Postby Jaunty » Sun Mar 27, 2011 10:18 am

Wallie sent me a PM as below asking about the Sous Vide Supreme, which I have had for a few months. I thought I'd answer via the forum for the benefit of anyone else.
"Hi Jaunty

I have been debating on the Sous Vide Supreme and would appreicate your comments on it.
I have been using a large rice cooker adapted for sous vide but the temperature is controlled by a seperate machine, and there is a seperate sensor which you drop in the bath.
It controls the water temperature pretty good with maybe a 2C variation.
But what I like about the supreme is everything is built in, also from what I can gather there is not much deviation in the water temperature.
So what do you think Jaunty, worth the money?
I have seen it in my local John Lewis for £349.
Regards
wallie"

To cook sous vide you need a vacuum sealer. I had a decent vacuum sealer already (a Tre Spade Takaje, which is great) so I did not need to worry about that as a cost. The Sous Vide Supreme when first launched in UK was c £450 direct but John Lewis do it for £349 which I bought it for. I had never cooked sous vide before, either with a rice cooker or any other way, but was keen to give it a go. I use it to cook things about twice a week, and enjoy playing around with it. I still love doing a slow cooked braise/stew as you get that amazing gravy automagically that you do not get with sous vide but I have had some great "hits" along with a few "misses". Some of the things I have done and my recollection of them [I must start writing everything down, I will start another thread about online recipe storage!]

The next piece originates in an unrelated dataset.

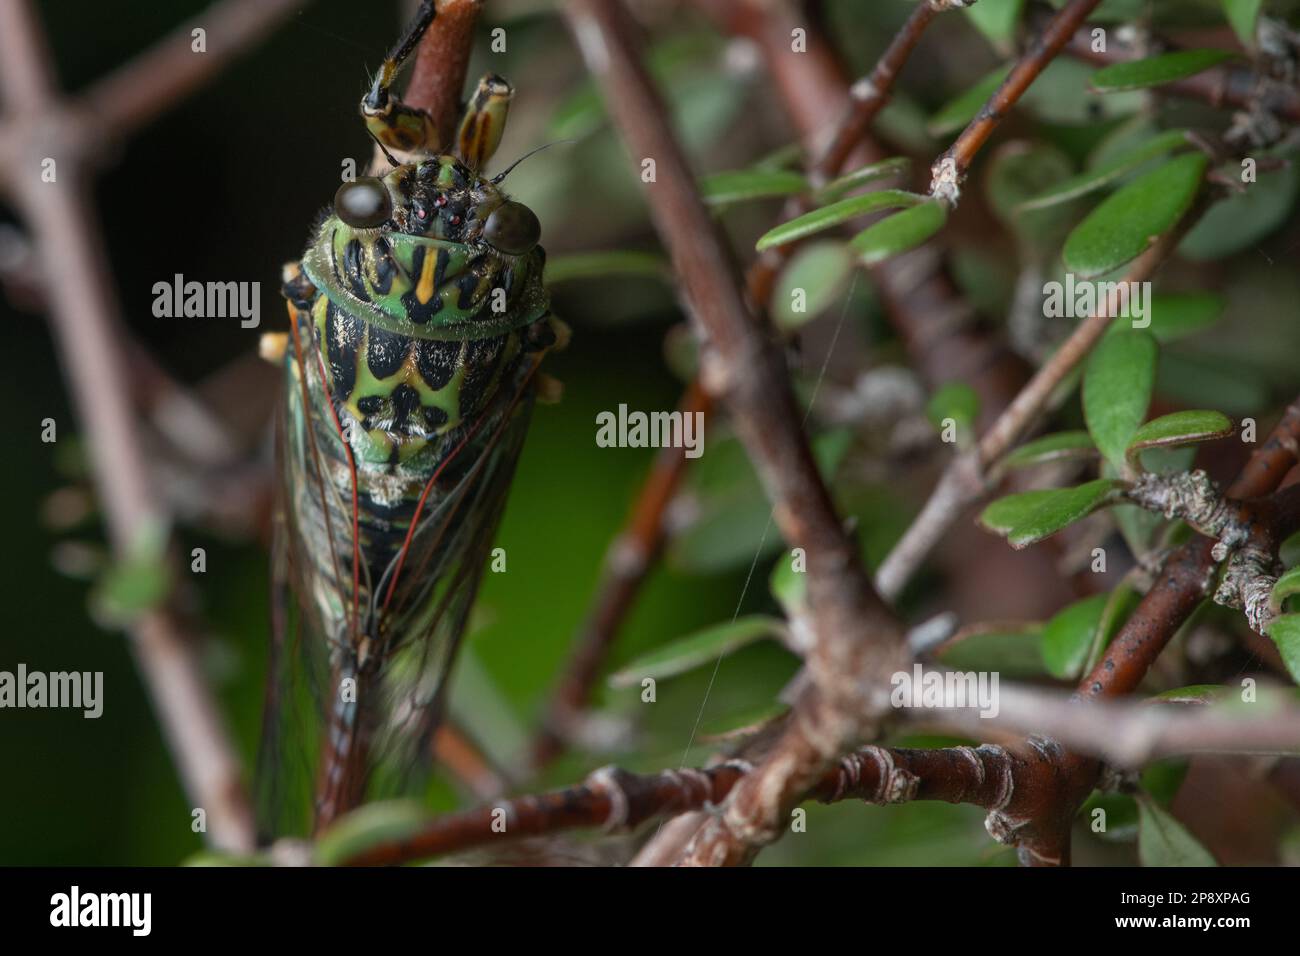 Ein erwachsener Chor cicada, Amphipsalta zelandica, hoch oben auf einem coprosma-Busch in der canterbury-Region von Aotearoa Neuseeland. Stockfoto

Steaks - a really fat quality thick steak like ribeye or sirloin or a t-bone done sous vide then finished to crisp up is good, but not worth the effort for me really compared to one just seasoned and done on a smoking hot griddle or BBQ. I do not mind the outside being more done than the middle and am pretty good at consistently cooking a steak how we want them. A ribeye then I really want to crisp that fat up. If it is really thick, I do on the BBQ with a combination of direct/in-direct to cook through without overcooking. HOWEVER - I have not done skirt and flank/hangar steaks yet and reckon that these cheaper cuts done low & slow sous vide then finished on the griddle will be really really good.

Eggs - sous vide eggs have a lot written about them. The whites always seem a bit snotty to me, but the yolks are lovely. I would poach an egg before sous vide-ing one, but do sous vide the yolks

Chicken - easy to accurately cook and not over cook, texture can be a little over smooth (??) but nice and easy to cook a large batch well

Sausages - great, sous vide then grill fry or chill and freeze. Keeps all the taste in and no chance of bursting

Joints - great. Beef rib and topside done 48 hours at 53º fantastic. Topside joint comes out with a soft texture more like fillet and tastes fantastic. Pork, ham, salt beef is great too. You can cook these larger joints perfectly and no babysitting is needed.

Pork Ribs - Amazing, a real highlight so far. 57º for 72 hours, done with a simple dry rub.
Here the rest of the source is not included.